The unions shifted their allegiances from Liberal to Labour following the Taff Vale judgement. In 1901, the Taff Vale Railway Company successfully sued the Amalgamated Society of Railway Servants (a trade union) for damages caused during a strike. An appeal to the House of Lords was unsuccessful—the Lords ruled that trade unions could be sued for losses caused by industrial action. This made it clear to union officials that they needed a parliamentary party that specifically championed their interests. (In 1906, the Liberal government of Sir Henry Campbell-Bannerman passed the Trade Disputes Act, which established the unions’ legal immunity.) 

Nonetheless, there was still cooperation between the Liberal Party and the new Labour Party. Labour MPs supported the Liberal government of 1910 and backed many of its reforms. There was substantial agreement on free trade, Home Rule, progressive taxation, pensions, and internationalism. The Liberals had also made it a requirement for trade unionists to opt out from giving political subs to their unions (which would go to support the Labour Party). Before 1914, Labour did deals with the Liberal Party, with most Labour MPs owing their seats to Liberal support. Some speculated that the Labour Party’s creation was a mistake, with some believing that there would be a permanent alliance between both parties. When Lloyd George invited Ramsay MacDonald to join the Government (who ironically grew to dislike the Liberals more than the Conservatives), it was thought by some that he could end up succeeding Asquith as the leader of a joint formation of Liberal and Labour Parties. 
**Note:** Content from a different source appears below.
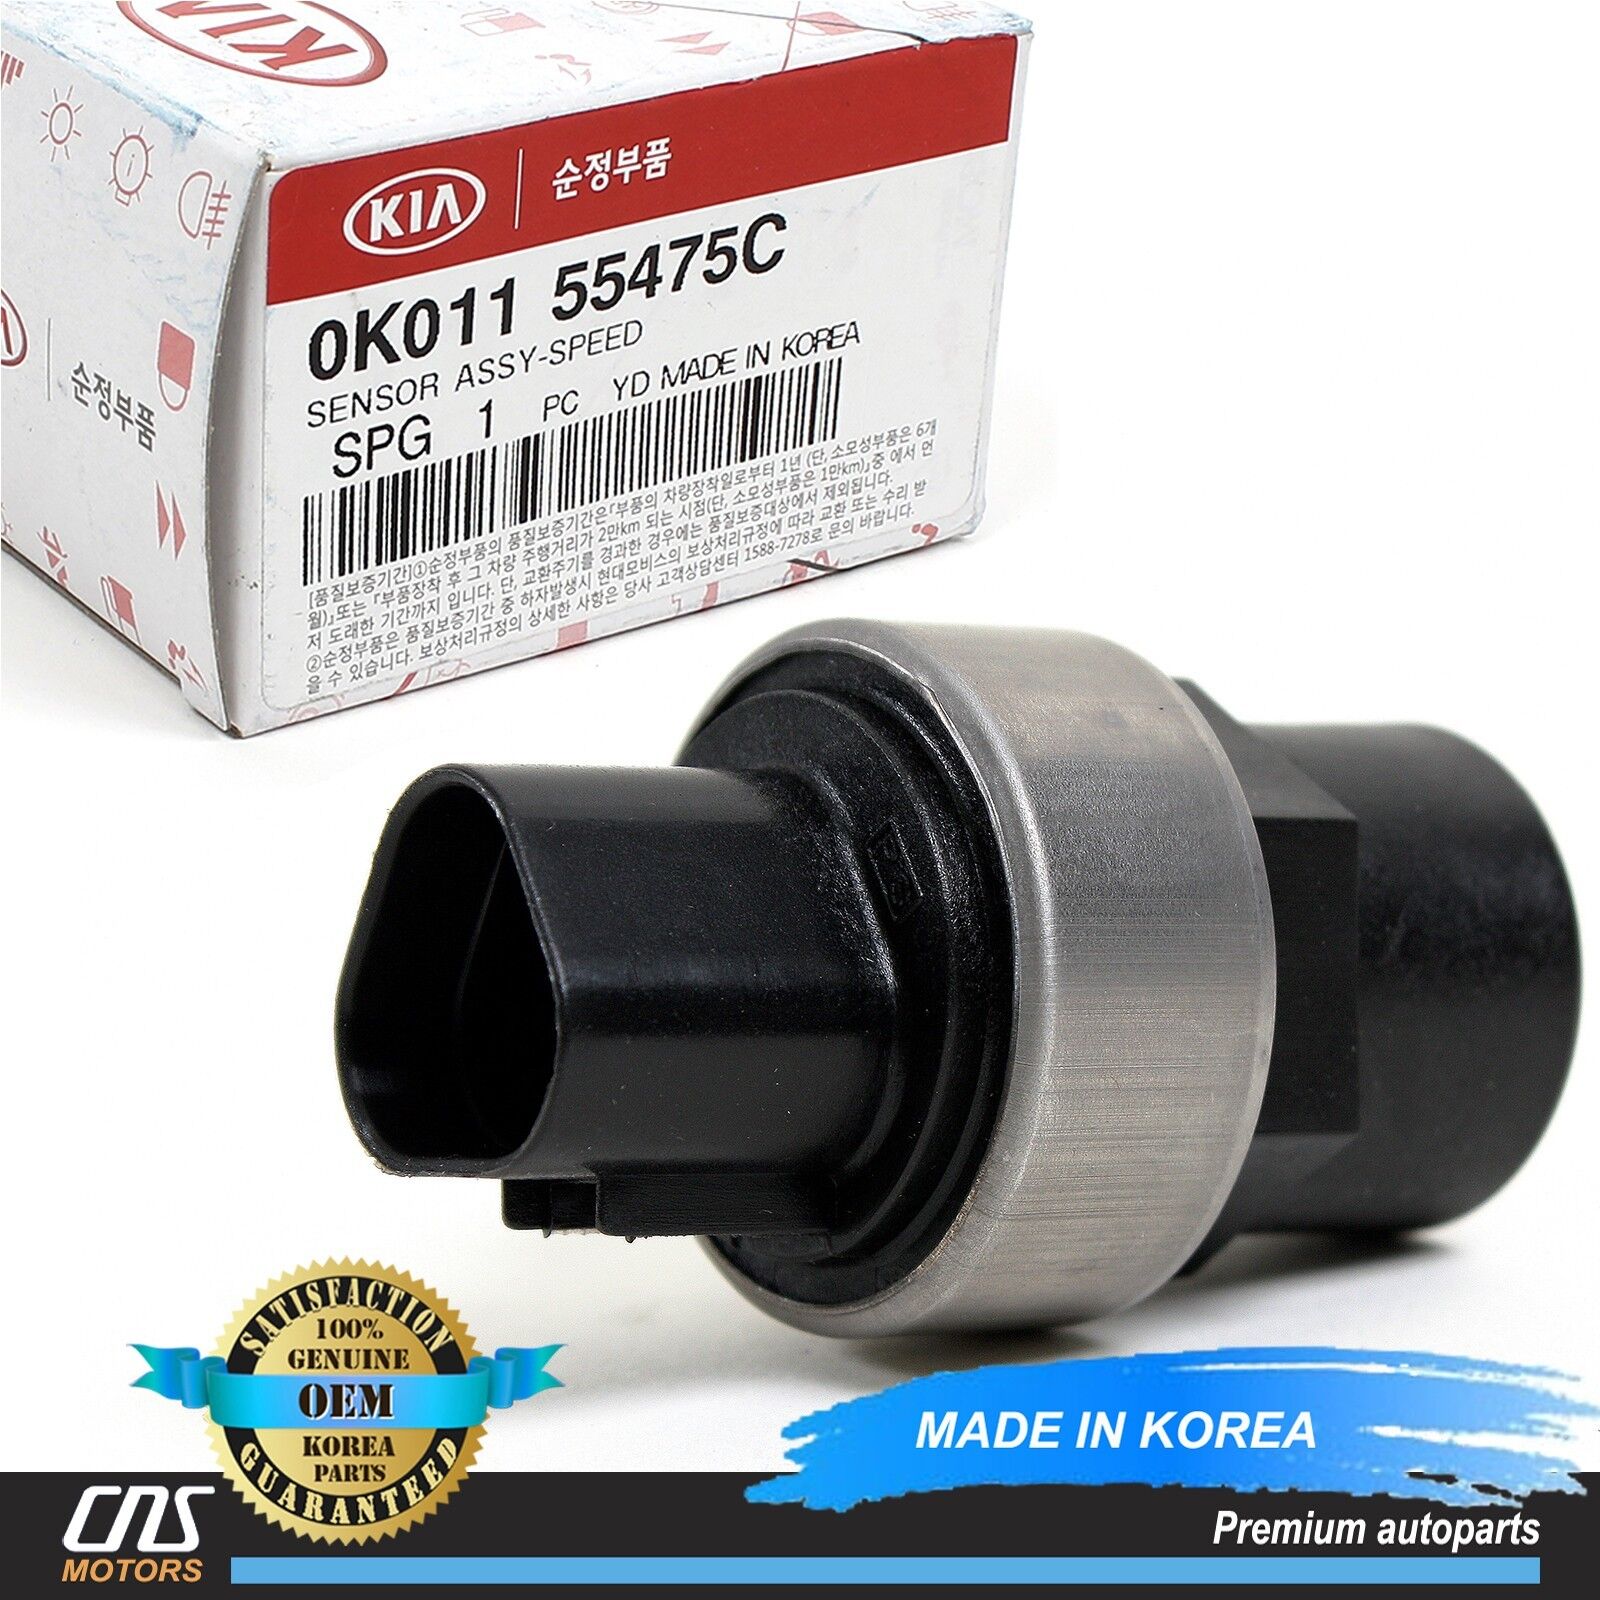 ⭐GENUINE Transmission Speed Sensor for 94-02 Kia Sephia Sportage OEM 0K01155475C

The main breakthrough for the Labour Party was when the Liberals split following Lloyd George’s coup against Herbert Henry Asquith, which positioned it as the main Opposition to the Coalition which had won the previous election. When the Liberals split following Lloyd George’s coup against Herbert Henry Asquith, the Liberals under Asquith backed the first Labour government, allowing them to take power despite a hung parliament in 1924, and in 1929 (now under Lloyd George, who had succeeded Asquith in 1926), repeated this by supporting the second Labour government, following another hung parliament.  
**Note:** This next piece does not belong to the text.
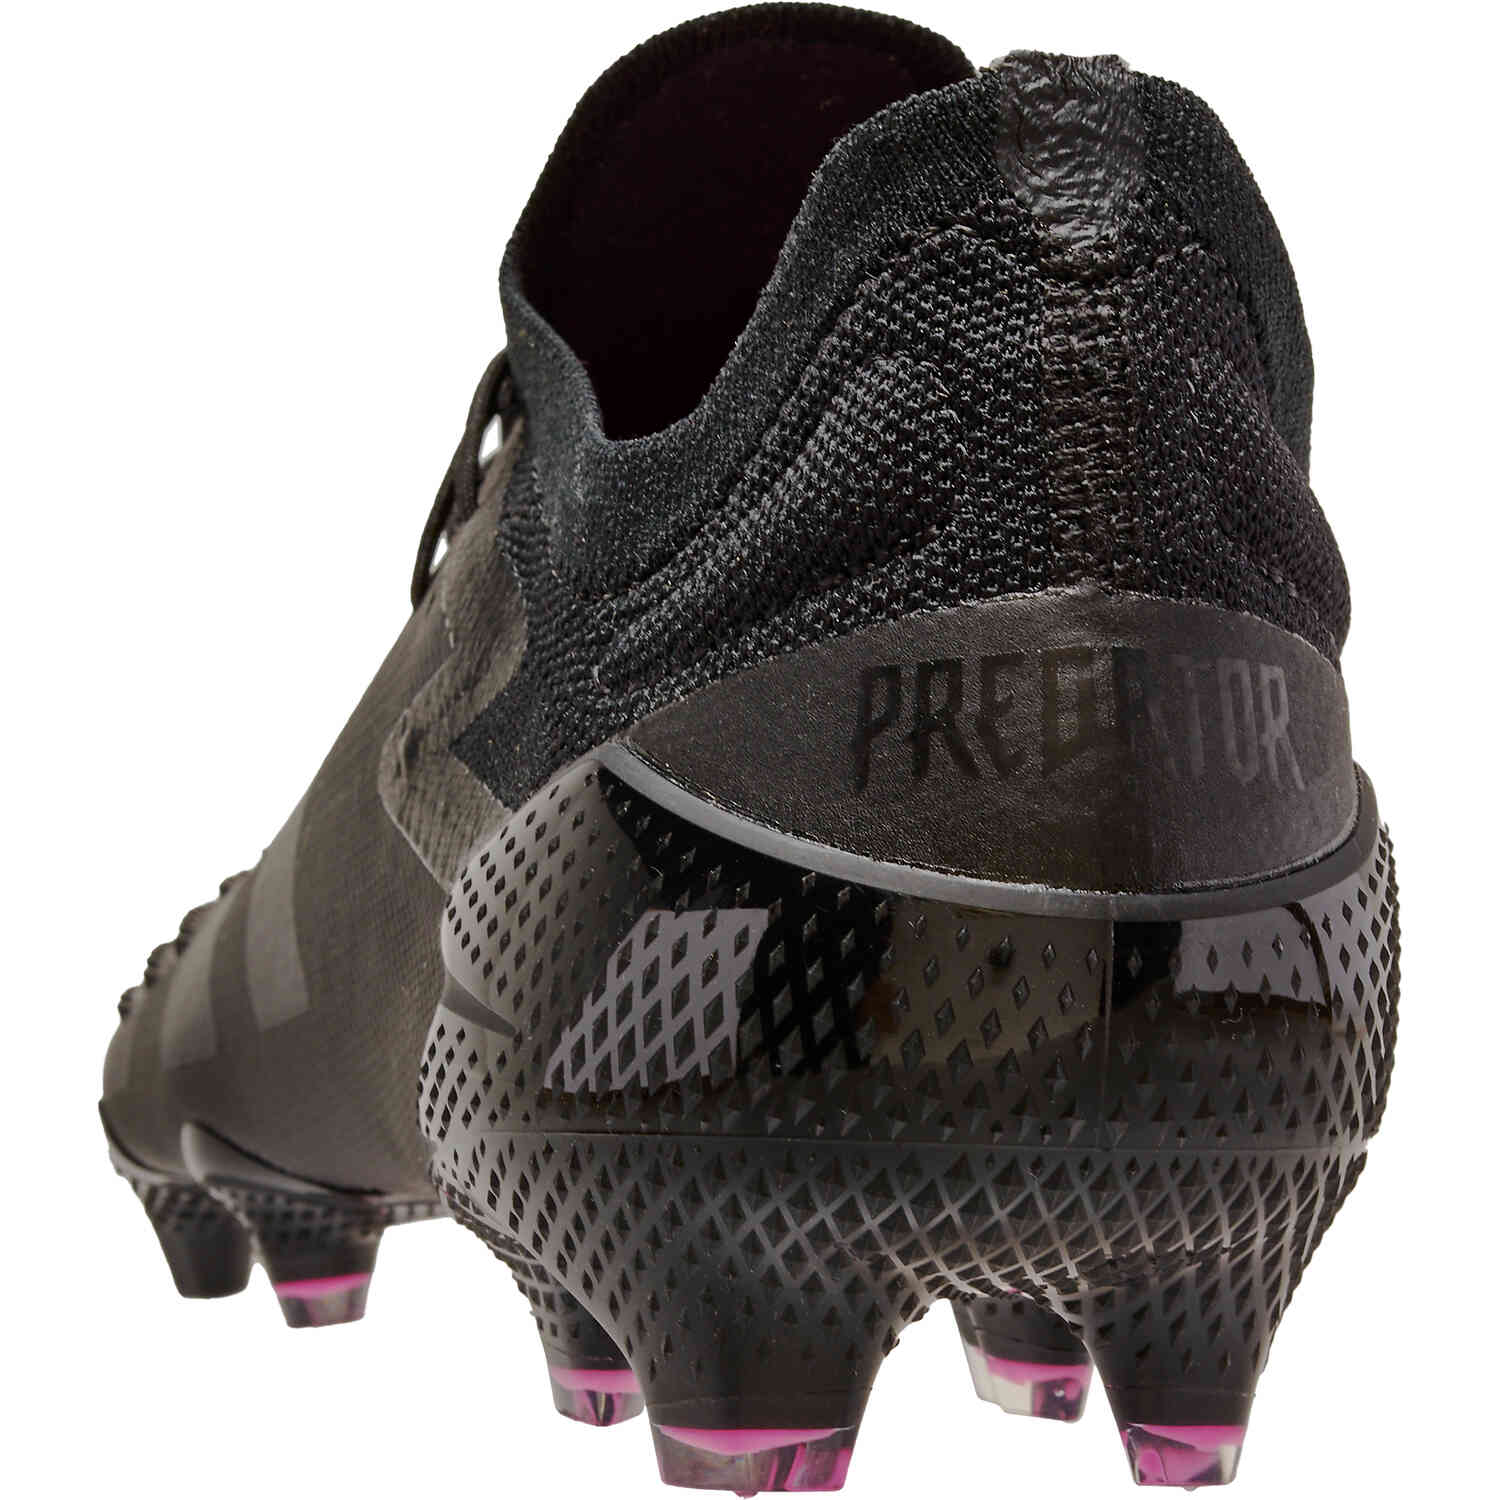 Adidas Predator 20 MTC Fingersave Gloves Black adidas.

Further Liberal–Labour cooperation occurred in the late nineteenth and early twentieth centuries. In 1896, Ramsay MacDonald joined the Rainbow Circle, a progressive discussion group that included liberal thinkers J.A. Hobson and Leonard Hobhouse. In a column for the Manchester Guardian, Hobhouse praised the young Labour minister Clement Attlee’s definition of socialism as the belief that “freedom and development of individual personality can be secured only by harmonious cooperation with others in society based on equality and fraternity.” He saw no salient difference between the ethical socialism espoused by Attlee and the social liberalism that he propounded. Chancellor of the Exchequer Phillip Snowden’s first Labour budget did not draw upon Marx or Engels, but on Gladstone. Indeed, the demands for Scottish Home Rule have their roots in the Liberal case for Irish Home Rule. The postwar Attlee Government itself drew upon the work of William Beveridge and the economic philosophy of John Maynard Keynes—both liberals.   The Labour Party also acknowledged that it shared much in common with the Liberals. A private document for party activists in the 1945 election stated: “Liberal policies draw heavily on Labour’s economic policies. Liberals are asking the electorate to believe that unlike Labour’s policy, they are quite different from socialism. There is no radical difference between the programmes”. The editor of The Guardian, AP Wadsworth, had been keen to see a Labour government elected with Liberal support. Megan Lloyd George, the daughter of David and a Liberal MP, had been in talks with Deputy Prime Minister Herbert Morrison in order to encourage cooperation between both parties. Lloyd George would later defect to the Labour Party out of frustration with what he perceived to be a rightwards drift in the Liberal Party.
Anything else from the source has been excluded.